Technical specifications
- Chassis: Riveted aluminium monocoque
- Suspension (front): Rocker arms, lower wishbones, inboard coil springs
- Suspension (rear): parallel bars, coil springs
- Axle track: Front: 1,153 mm (45.4 in) Rear: 1,549 mm (61.0 in)
- Wheelbase: 2,718 mm (107.0 in)
- Engine: Cosworth DFV, 2,993 cc (182.6 cu in), 90° V8, NA, mid-engine, longitudinally mounted
- Transmission: Hewland FGA 400 5-speed manual
- Weight: 591 kg (1,303 lb)
- Fuel: FINA
- Tyres: Goodyear

Competition history
- Notable entrants: Warsteiner Arrows Racing Team
- Notable drivers: 29. Riccardo Patrese 30. Jochen Mass
- Debut: 1979 French Grand Prix
- Last event: 1979 United States Grand Prix
| Races | Wins | Poles | F/Laps |
| 8 | 0 | 0 | 0 |
- Constructors' Championships: 0
- Drivers' Championships: 0

= Arrows A2 =

The Arrows A2 was a Formula One racing car, designed by Tony Southgate and Dave Wass, was used by the Arrows team in the latter half of the 1979 Formula One season. Powered by a Cosworth DFV V8 engine and driven by Riccardo Patrese and Jochen Mass, it was relatively unsuccessful with its best finish being sixth on two occasions.
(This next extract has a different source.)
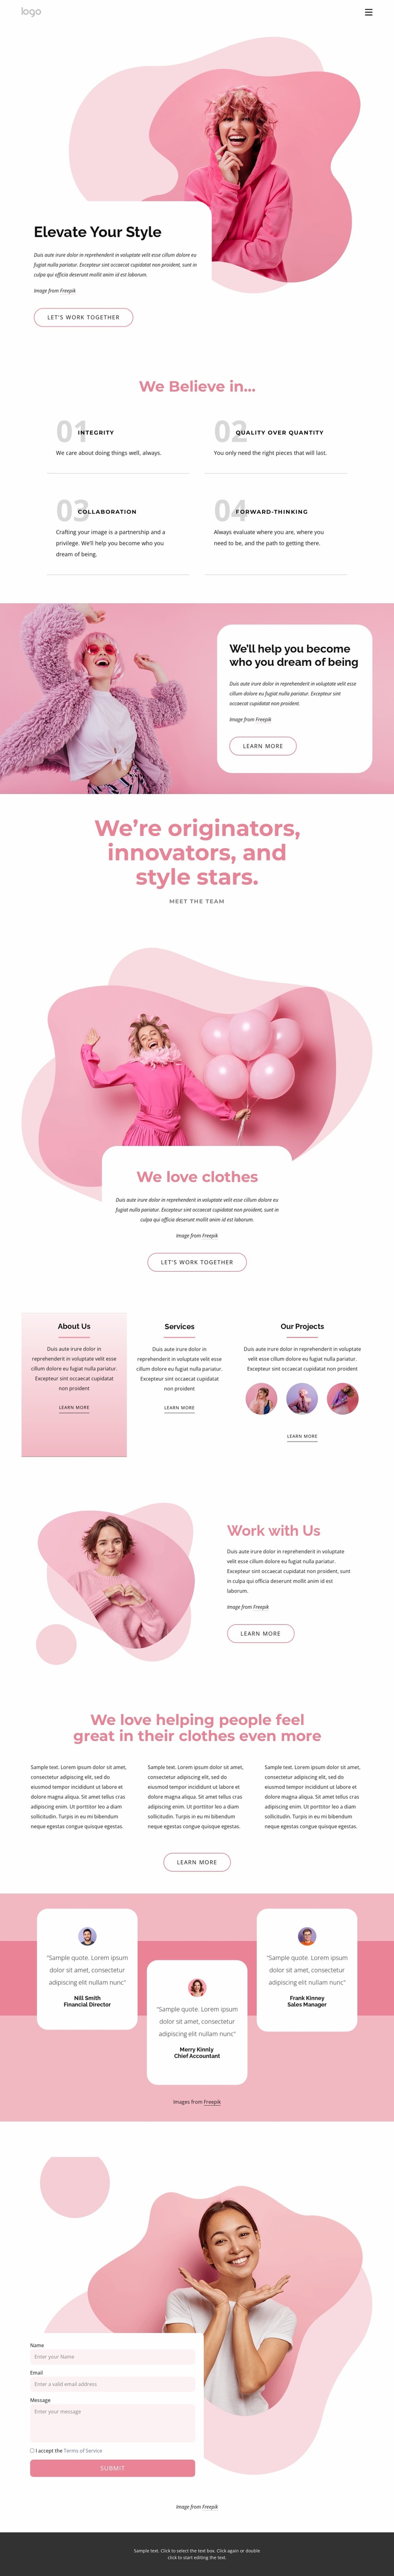 Elevate your style Ecommerce Website Design

==Design and development==
For the season, Tony Southgate supervised the design and development of the Arrows A2. Unlike most contemporary cars, the engine, a Cosworth DFV V8 engine, and gearbox of the A2 were set at a four-degree angled incline. This enabled the use of aerodynamic underfloor sections across the full width of the chassis. This had the effect of raising the car's centre of gravity. The A2 generated extensive downforce, but at the expense of handling. Within weeks design work started on the A2's successor, the A3, and the previous year's car, the A1, was brought back for one final entry in the 1979 season.

==Race history==
The A2 made its debut at the 1979 French Grand Prix but finished well down the field. Mass managed a pair of sixth places, at the German and Dutch Grands Prix.
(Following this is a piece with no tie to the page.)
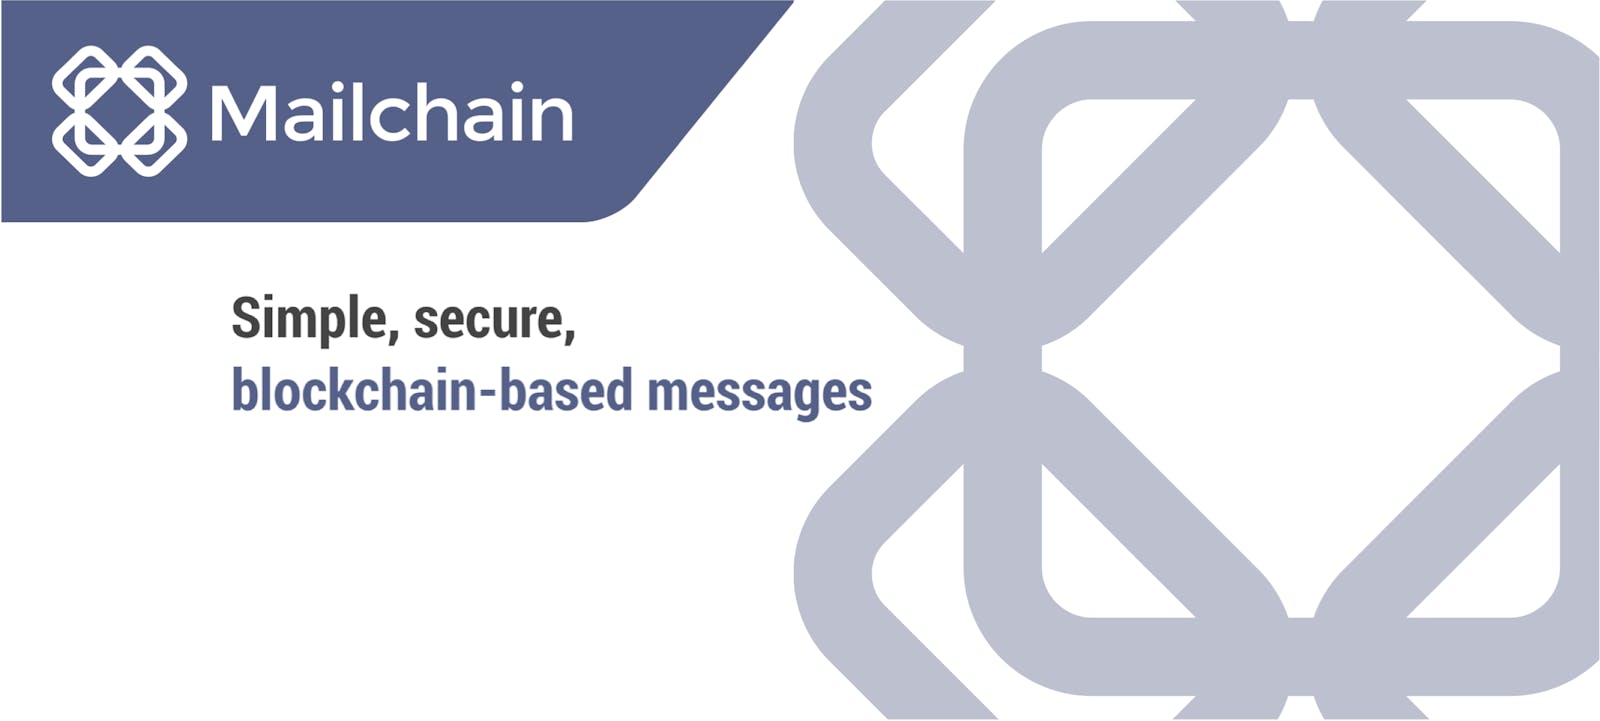 Getting started with Mailchain: A step-by-step guide

==Complete Formula One World Championship results==
(key)

Year: Entrant; Engine; Tyres; Drivers; 1; 2; 3; 4; 5; 6; 7; 8; 9; 10; 11; 12; 13; 14; 15; Points; WCC
1979: Warsteiner Arrows; Ford Cosworth DFV; G; ARG; BRA; RSA; USW; ESP; BEL; MON; FRA; GBR; GER; AUT; NED; ITA; CAN; USA; 5^{1}; 9th
Riccardo Patrese: 14; Ret; Ret; Ret; Ret; 13; Ret
Jochen Mass: 15; Ret; 6; Ret; 6; Ret; DNQ; DNQ

 3 points scored using the A1B.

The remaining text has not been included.